Status: Accepted Date: 2026-05-18 Tags: dependency-discipline · embedded-runtime · contributor-friction · ports-and-adapters Related: ADR-0008 (this phase) · ADR-0003 (this phase)

Context

Phase 4's RAG tier needs a deterministic local CPU embedder. The choice candidates were sentence-transformers (best-practices + security lenses, defaulted to all-MiniLM-L6-v2) and fastembed (performance lens, defaulted to BAAI/bge-small-en-v1.5 ONNX). The dimensions to compare are: install footprint, cold-start time, runtime determinism, contributor friction, and supply-chain surface.

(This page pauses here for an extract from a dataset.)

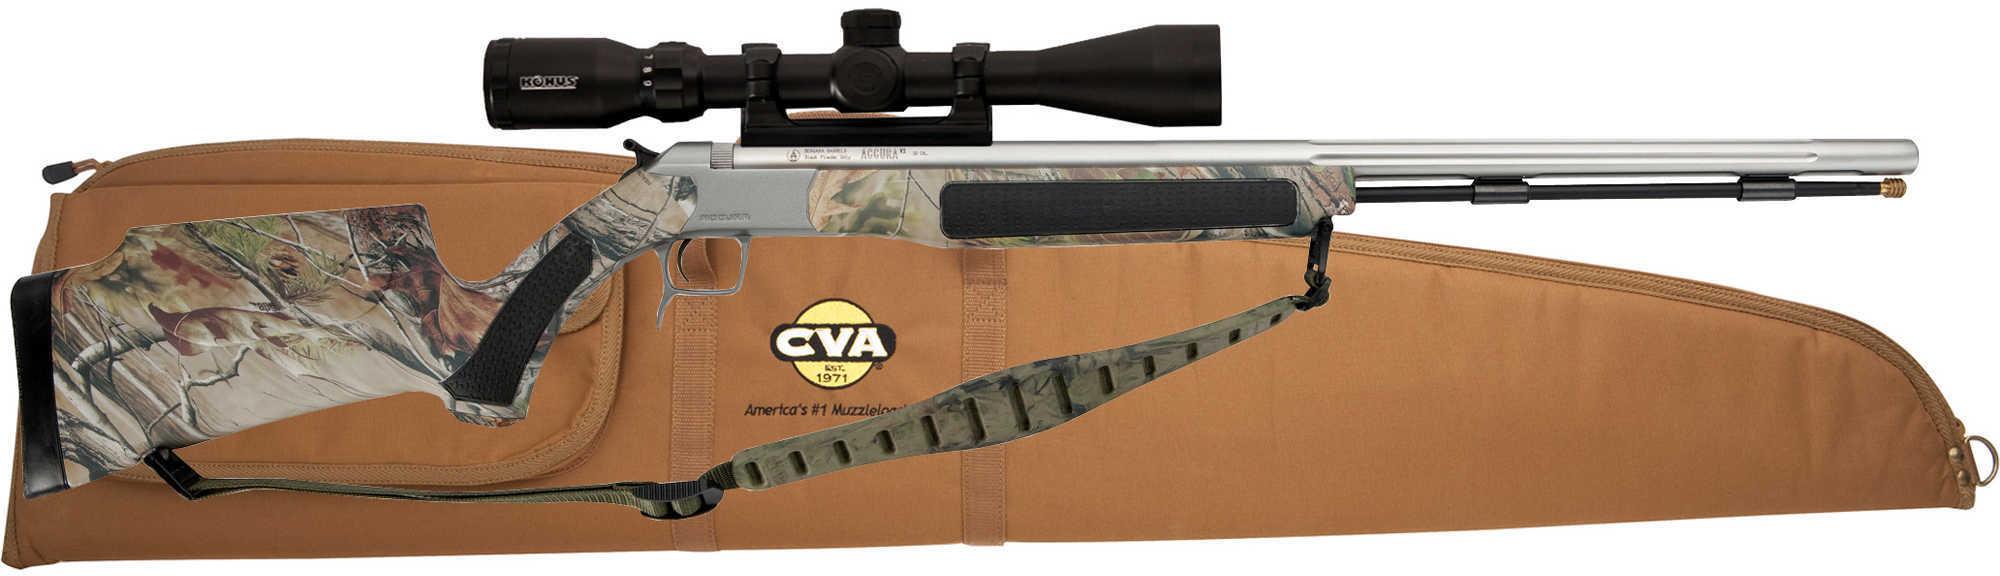 Cva Accura V2 Muzzleloader 50 Caliber Stainless Steel Camo Scope And Case

sentence-transformers pulls in torch (~250 MB transitive install on a cold CI run, ~40 s cold-start time). fastembed ships its own ONNX runtime (onnxruntime, ~130 MB), loads weights from a content-addressed URL, and has no torch dependency. Both run in-process on CPU with no docker-compose requirement.

The critic surfaced an internal inconsistency (critique.md §"[B] §2"): the best-practices design used "contributor friction" (no docker-compose) as the justification for picking chromadb-local over qdrant, then picked the heavier sentence-transformers stack for embeddings — a contradiction in the same design. fastembed runs in-process with no docker exactly as chromadb-local does.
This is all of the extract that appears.